After 12 years at the helm owners Phillip and Colleen McAndrews are looking to find a new owner and steward for the restaurant, Mr. McAndrews said Monday.
“I need to find someone who I can train and pass Offshore off to,” he said. “So we’re just starting the process to find an individual who would love this place as much as we have, and carry it on.”
The youngest of the couple’s four children will graduate from high school next year, he said, and at that point all four will be scattered around the country. None are interested in taking over the business, and their parents are looking for a flexible schedule that is hard to find running a year-round business.
The 20-year-old restaurant at 30 Kennebec avenue is listed for $4.2 million. The listing went online last week with Link MV, the Island’s multiple listing service for real estate.
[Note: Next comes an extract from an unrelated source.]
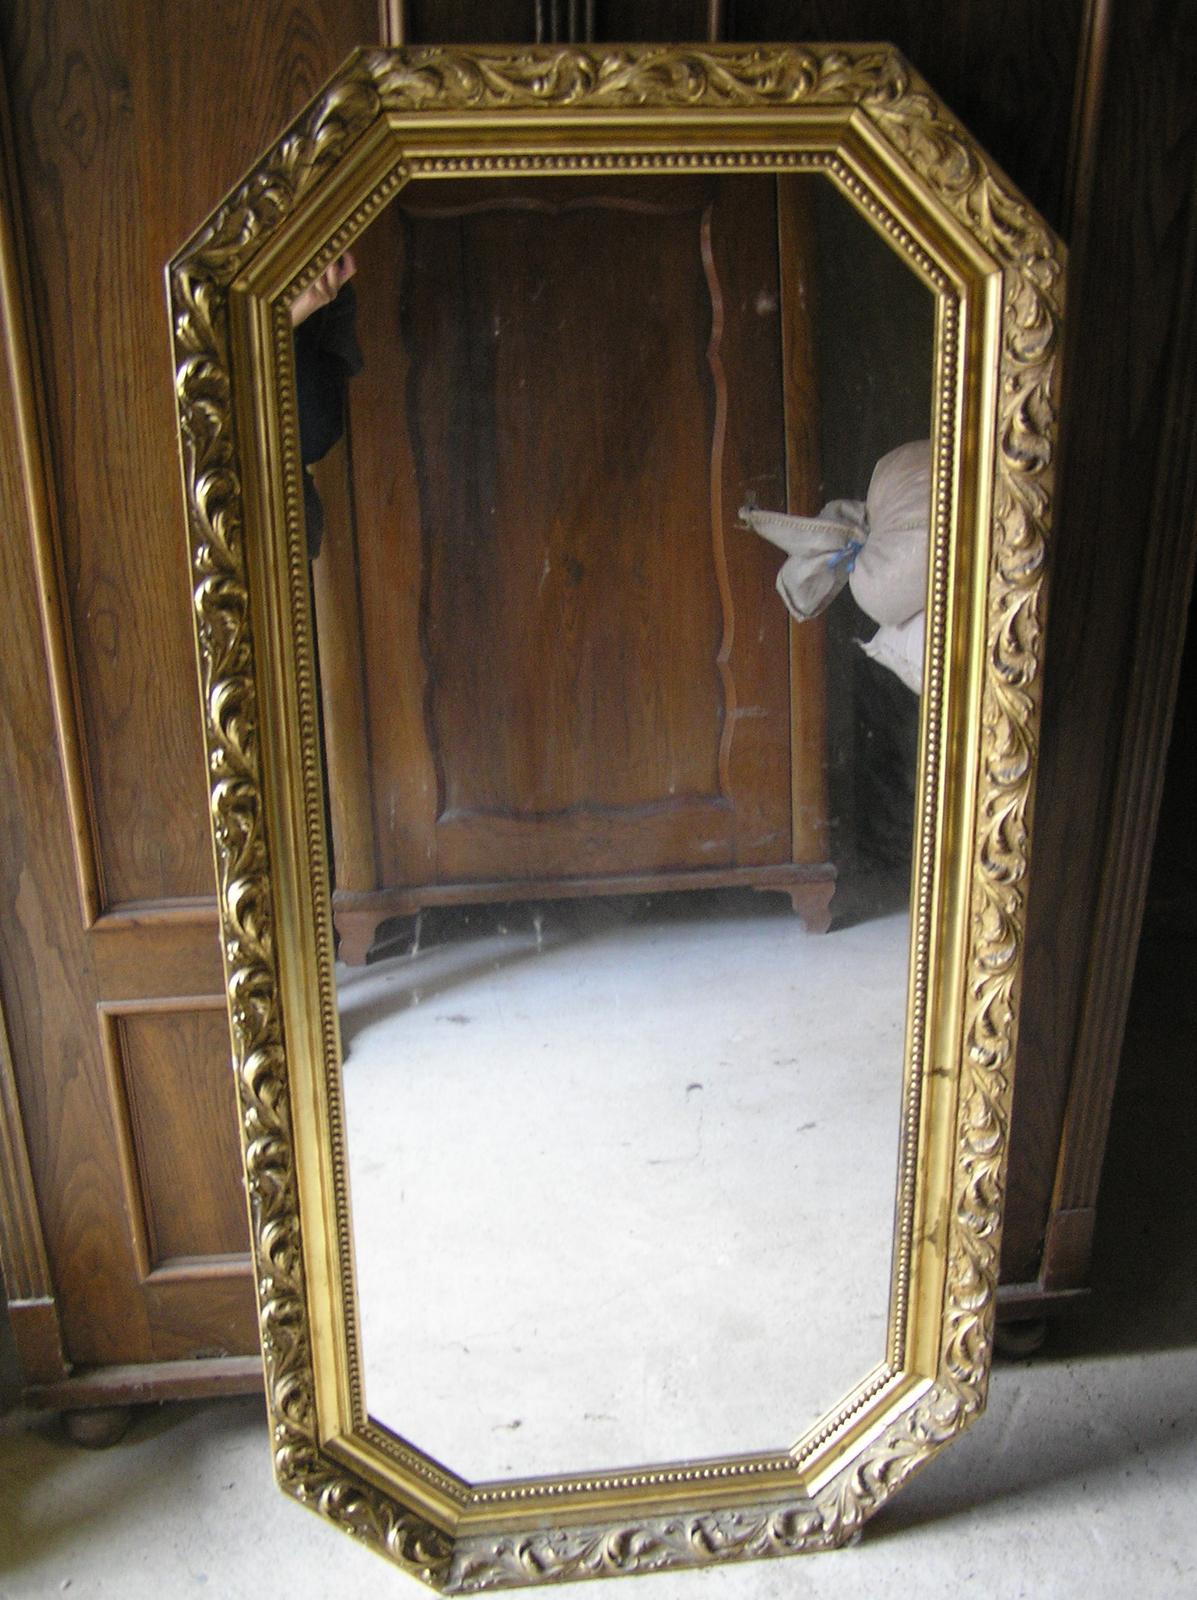 obraz alebo zrkadlo - Obrázok č. 1

The price includes the building, beer business, brand and a turnkey, fulled-staffed restaurant.
Mr. McAndrews said the restaurant has quietly been on the market since October, when the McAndrews gathered the staff together to tell them their plans. The restaurant is for sale “lock, stock, and barrel,” he said, and they are hoping to find someone who would carry on the current business.
“I have a great staff here,” he said. “Many of them have been here for many years . . . . it’s really a turnkey business. They’ve helped make this place a success.”
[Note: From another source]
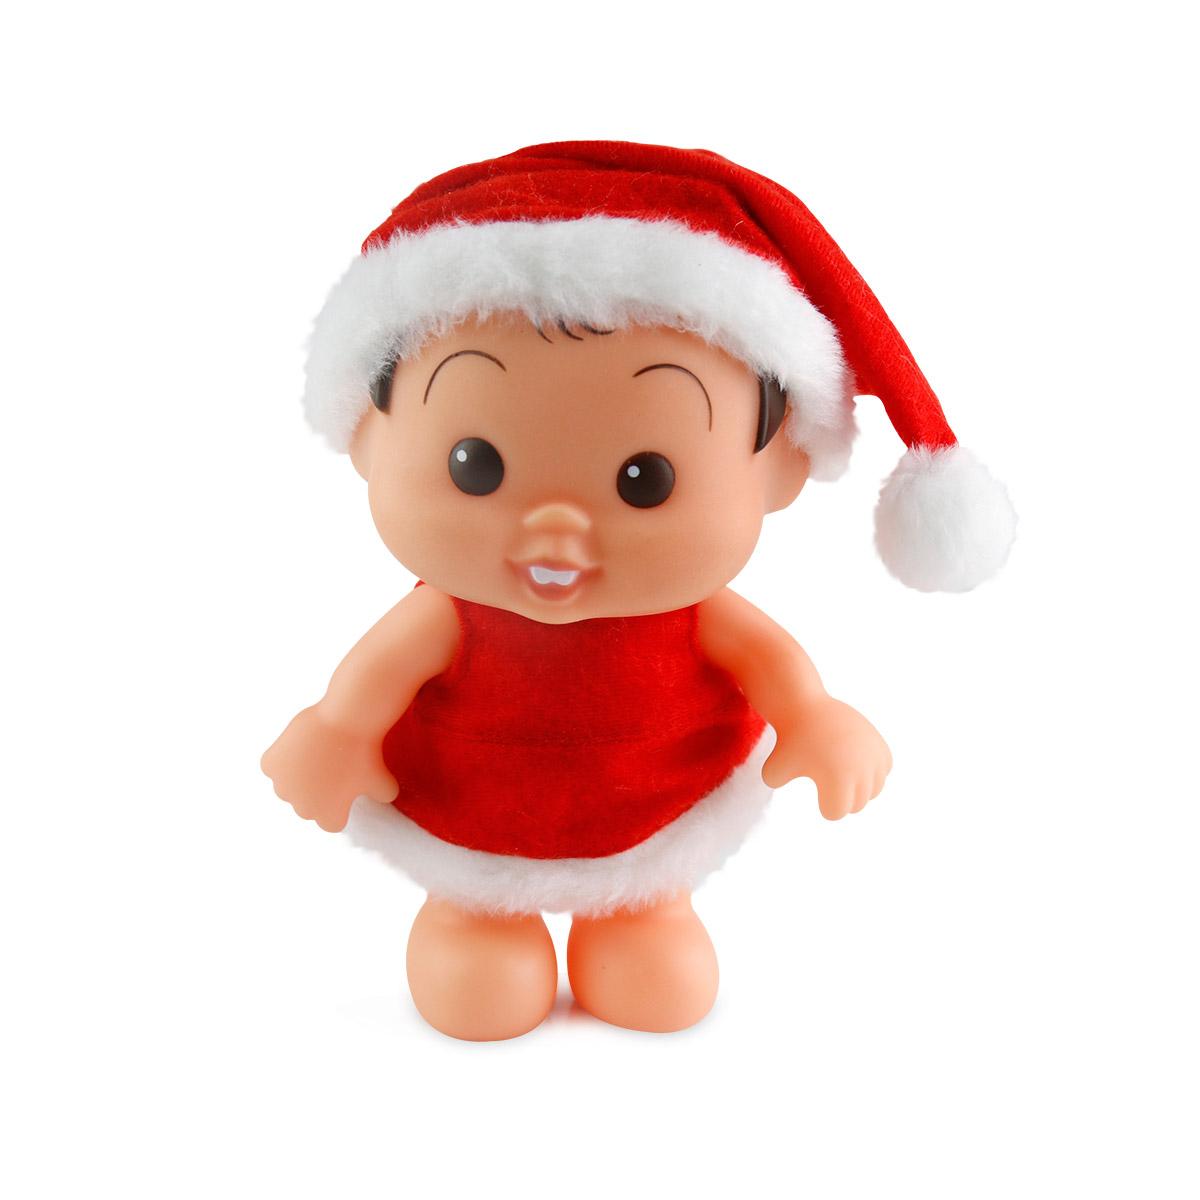 Boneco Turma da Mônica Bonitinha Natal

Offshore was opened by Robert Skydell in 1997 as City Ale and Oyster, a restaurant that included the first brewery on the Island. After about a year the name was changed to Offshore Ale Company, named after the most popular brew on the menu. The original name remained on the outside of the building at the corner of Kennebec and Healy avenues. The restaurant became well-known as a year-round gathering place for all ages, featuring beers brewed on-site with names like Beach Road Nut Brown Ale and Inkwell Imperial Stout, wood-fired pizza, local seafood, live music and peanut shells littering the floor.
In January 2006 Mr. Skydell sold the business to the McAndrews, who lived in Rhode Island. Mr. McAndrews was a businessman selling beer, wine and spirits, and had long dreamed of one day running a small Irish pub or something similar. On a weekend getaway to the Vineyard, the couple saw Offshore was for sale. Mr. McAndrews was 40 at the time, he recalled, and “we just jumped on it. “
The couple has been here ever since and “it’s been a great experience,” he said. The only thing he will not miss is the paperwork.
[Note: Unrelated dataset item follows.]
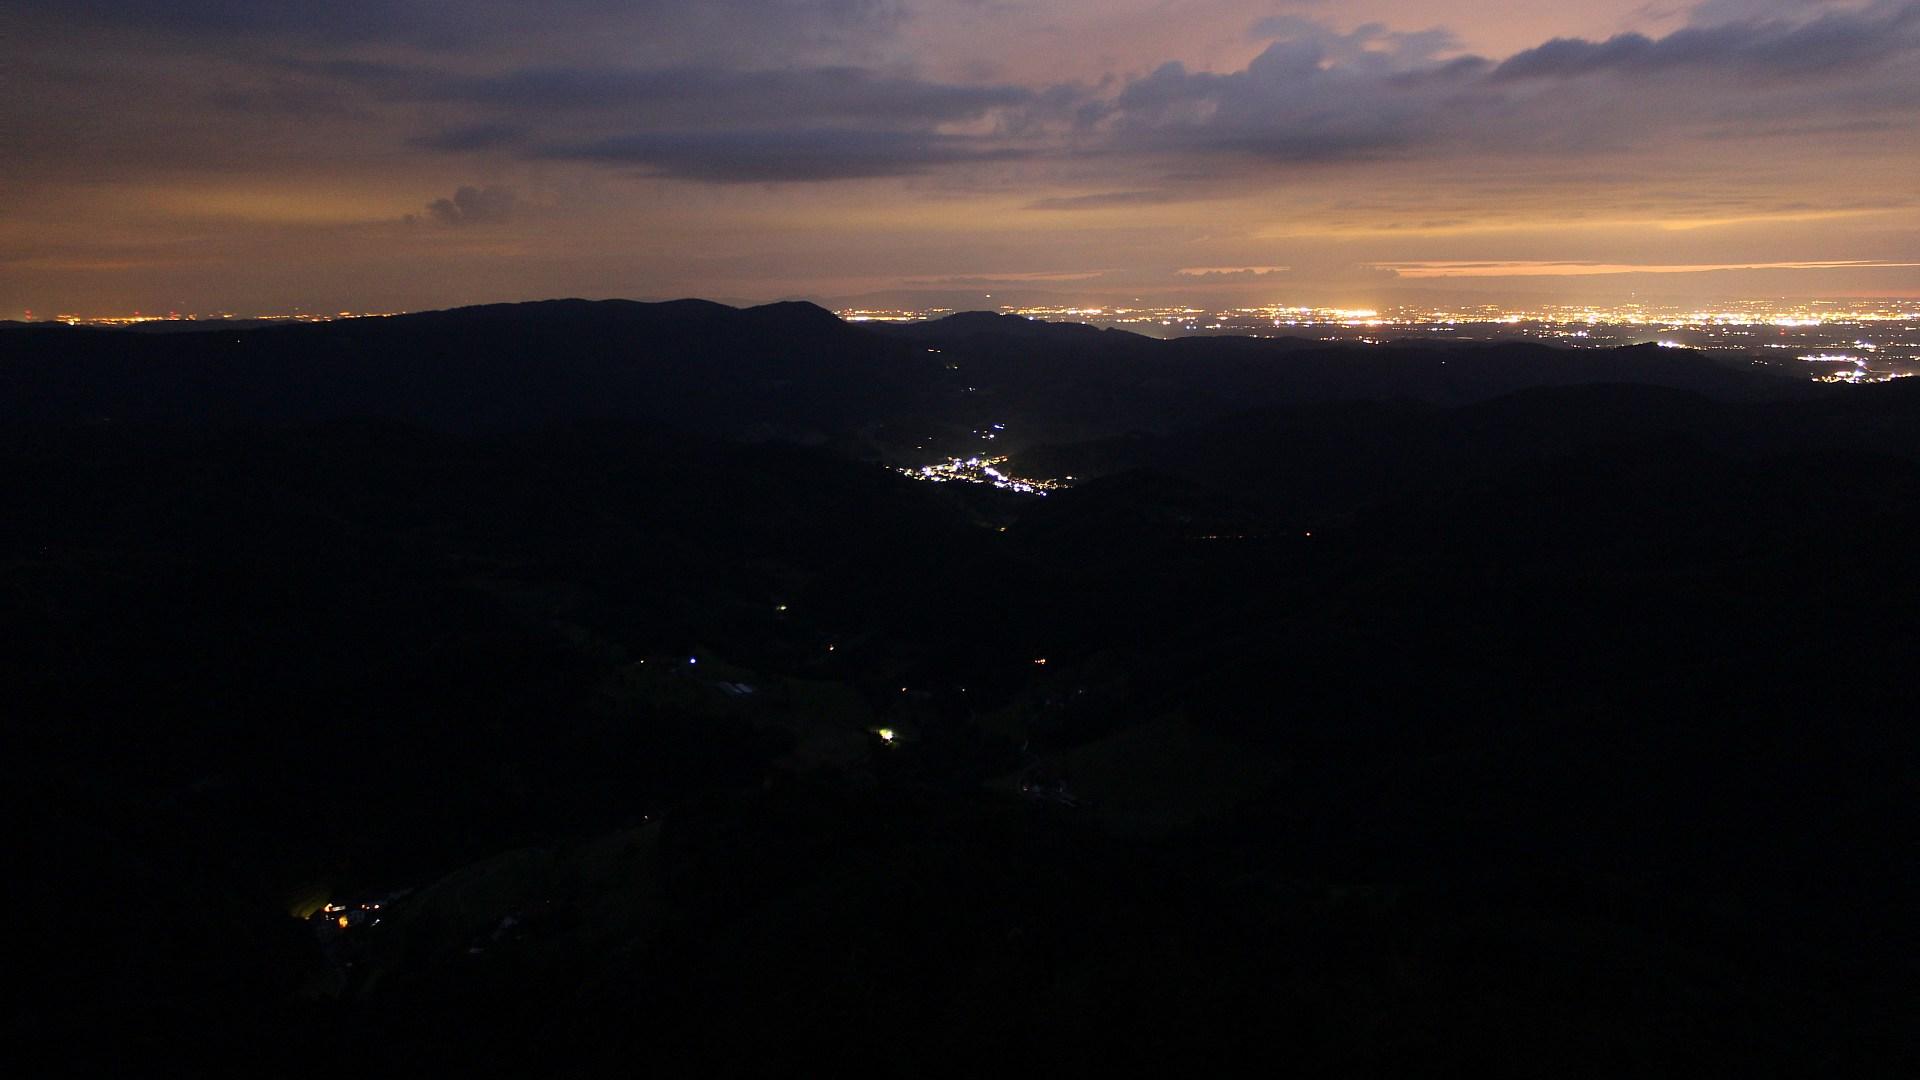 Aufnahme: Buchkopfturm vom 02.07.2020 23:00

They are taking their time with the sale, he said, starting with getting the word out. The listing is with Jon Hartzband of Martha’s Vineyard Island-Wide Realty, who is well-suited to represent the property: he worked at Offshore for 17 years as a bartender. “He knows the whole story,” Mr. McAndrews said. “He’s a great person to really represent and actually have the inside knowledge of all that this place is. “
He continued: “I don’t know how easy or hard it’s going to be to find someone that would be a good fit for it. It’s just important to take some time and be able to go trough the process and be selective about it.”
But for now it will be business as usual at Offshore. “We’re still here, on site, and doing everything we did before we listed it,” he said. “We’re here, hands on. It’s going to be that way until someone else takes over.”